# On a roll today



## doozie (May 21, 2005)

I cleaned the oven today, then used the rest of the can of cleaner on the charcoal grill lid and cooking rack. Just waiting for a few hours to finish the task.
DH then started dismantling the gas grill, ordered some new burner parts, and we decided to clean it thoroughly, it's been a while.
I'm now eyeing the smoker...
Do you ever start on one task, and it blossoms into much more than you planned on?

How often do you clean your oven? I think it's been over a year for me, the only reason I did is because I must have spilled something or something bubbled over and I missed the spill. Burnt up/smoked when I used the oven next.


----------



## painterswife (Jun 7, 2004)

I try to clean it once a year. I clean the grill more often. It gets messier. I don't even want to look at the smoker.
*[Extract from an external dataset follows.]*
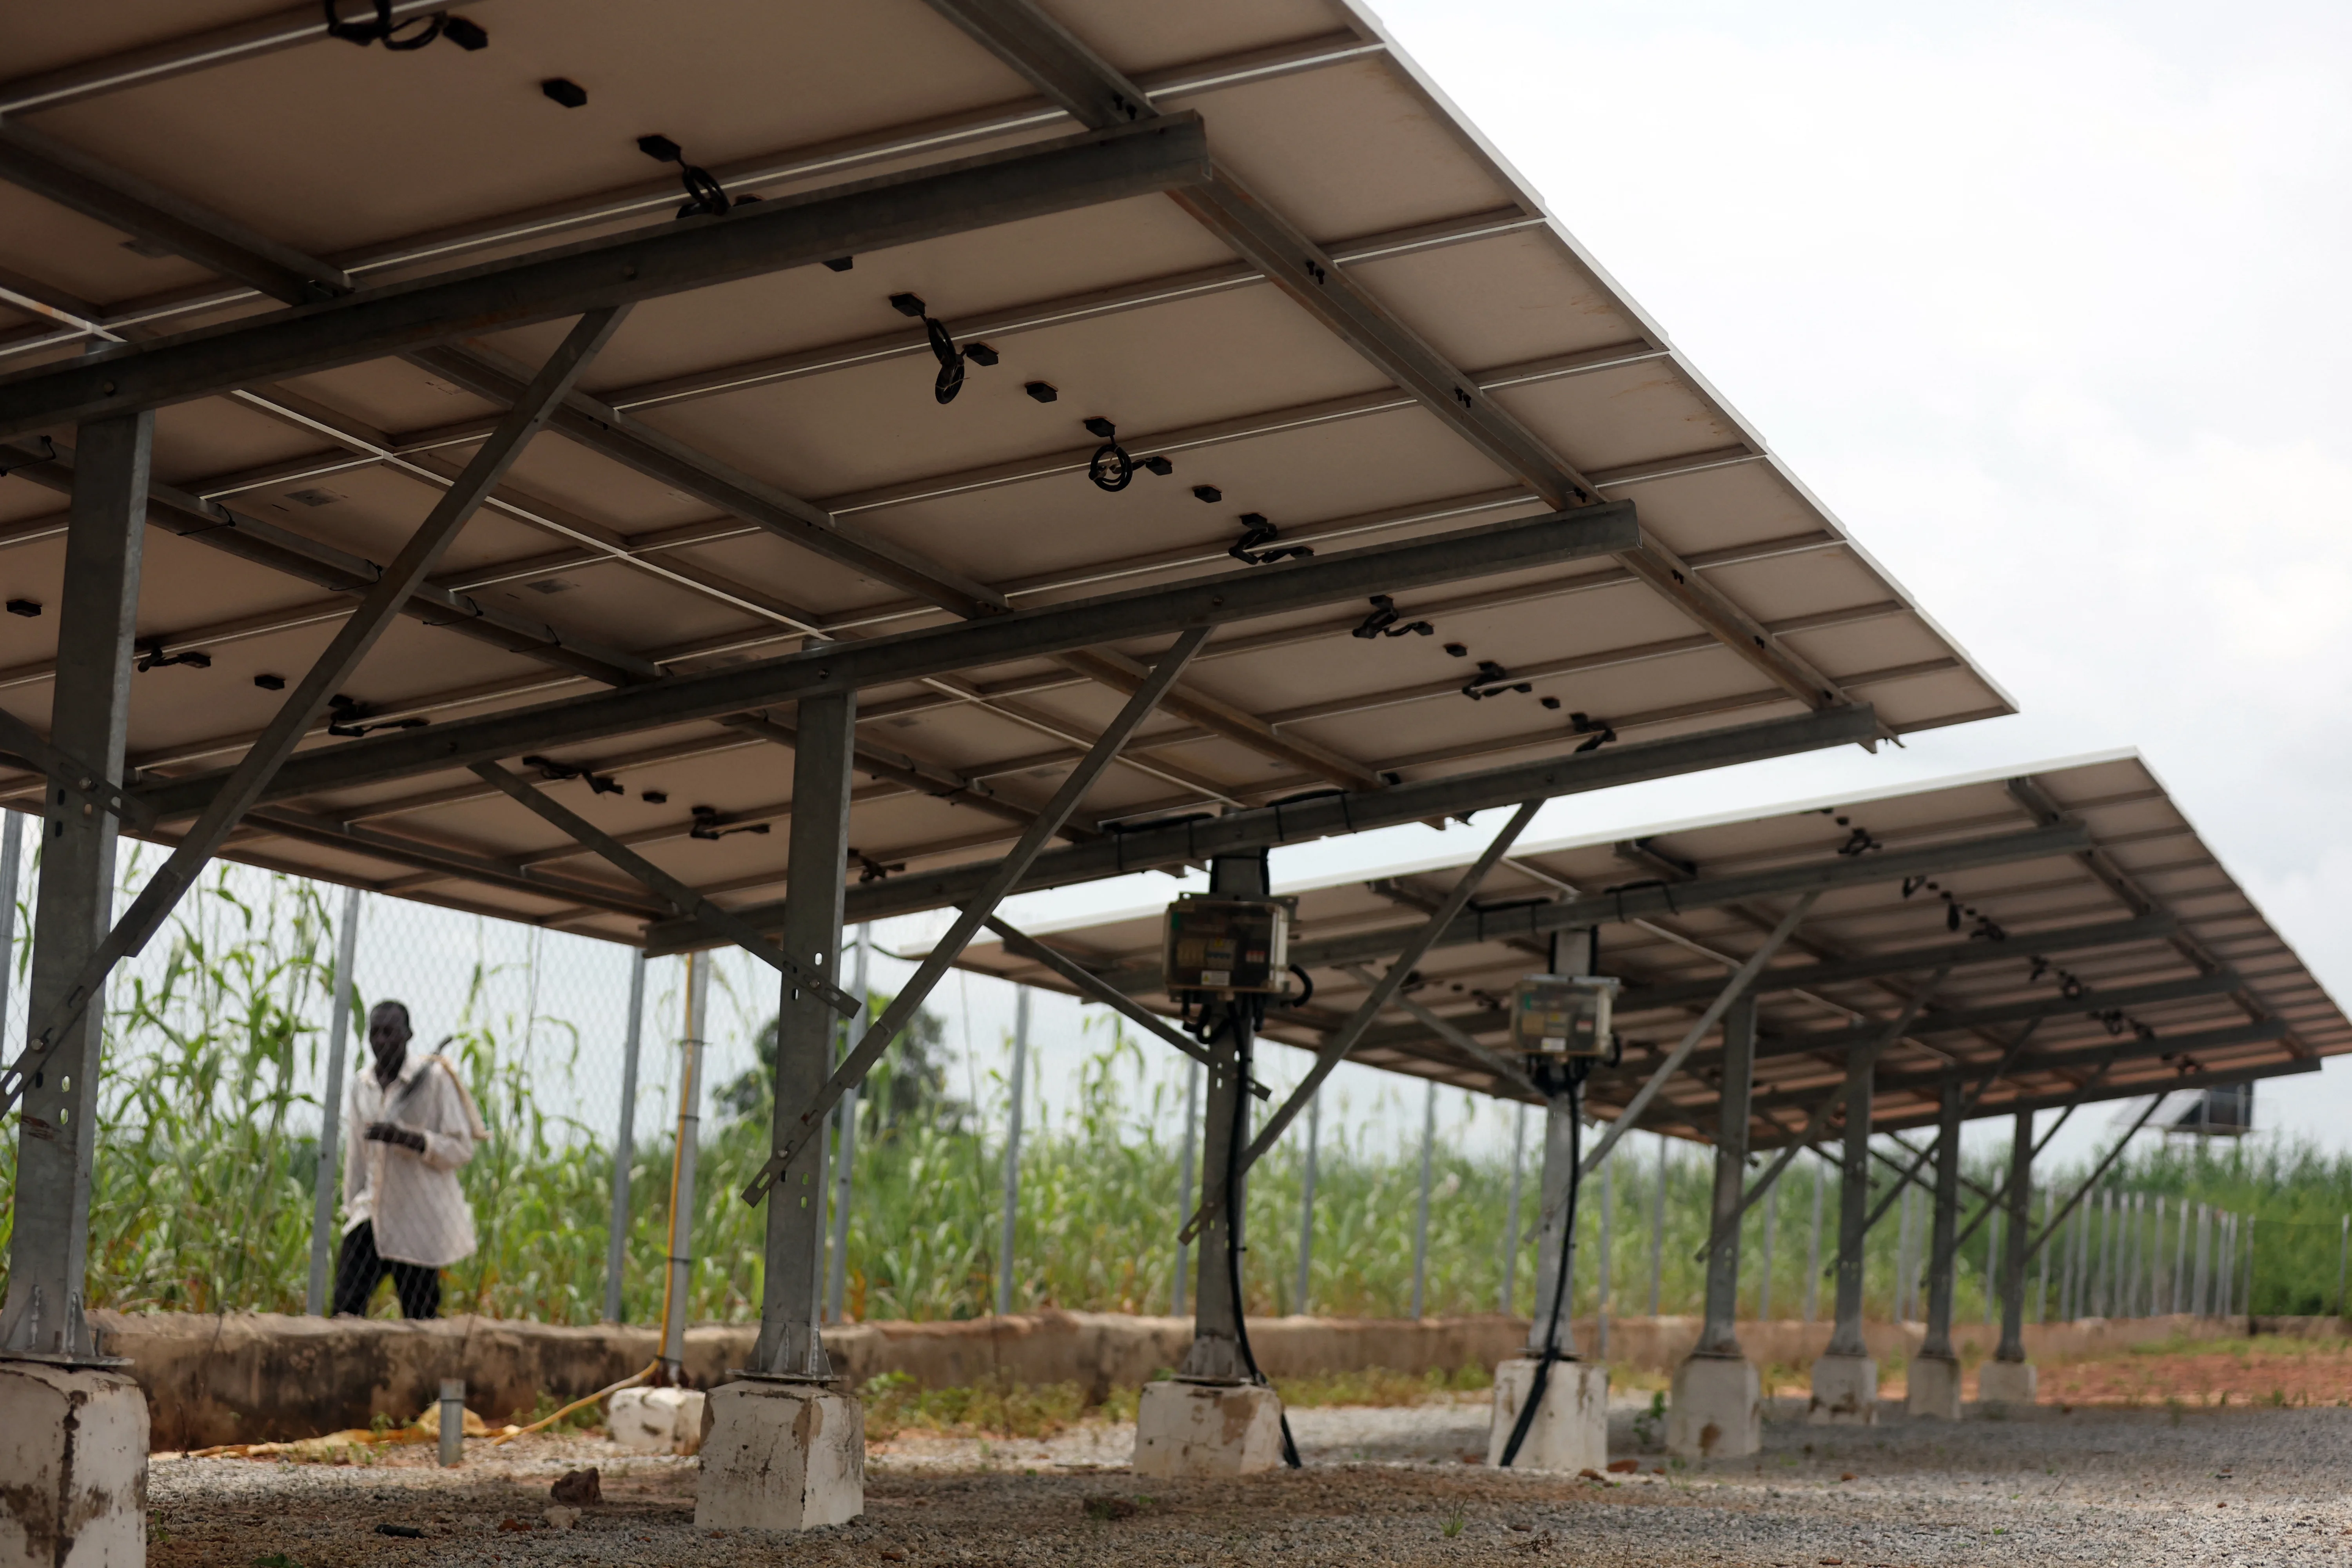 Nigeria’s shift to renewables picks up momentum

I clean the outside, the water tray and the racks every time I use it but the rest is one big smokey grease pit.


----------



## crehberg (Mar 16, 2008)

Oh... you're supposed to clean the oven...all thought all that burning and popping just added to the flavor...


----------



## doozie (May 21, 2005)

crehberg said:


> Oh... you're supposed to clean the oven...all thought all that burning and popping just added to the flavor...


Haha, while I was preheating and before I noticed the spill, DH asked what's cookin'?


----------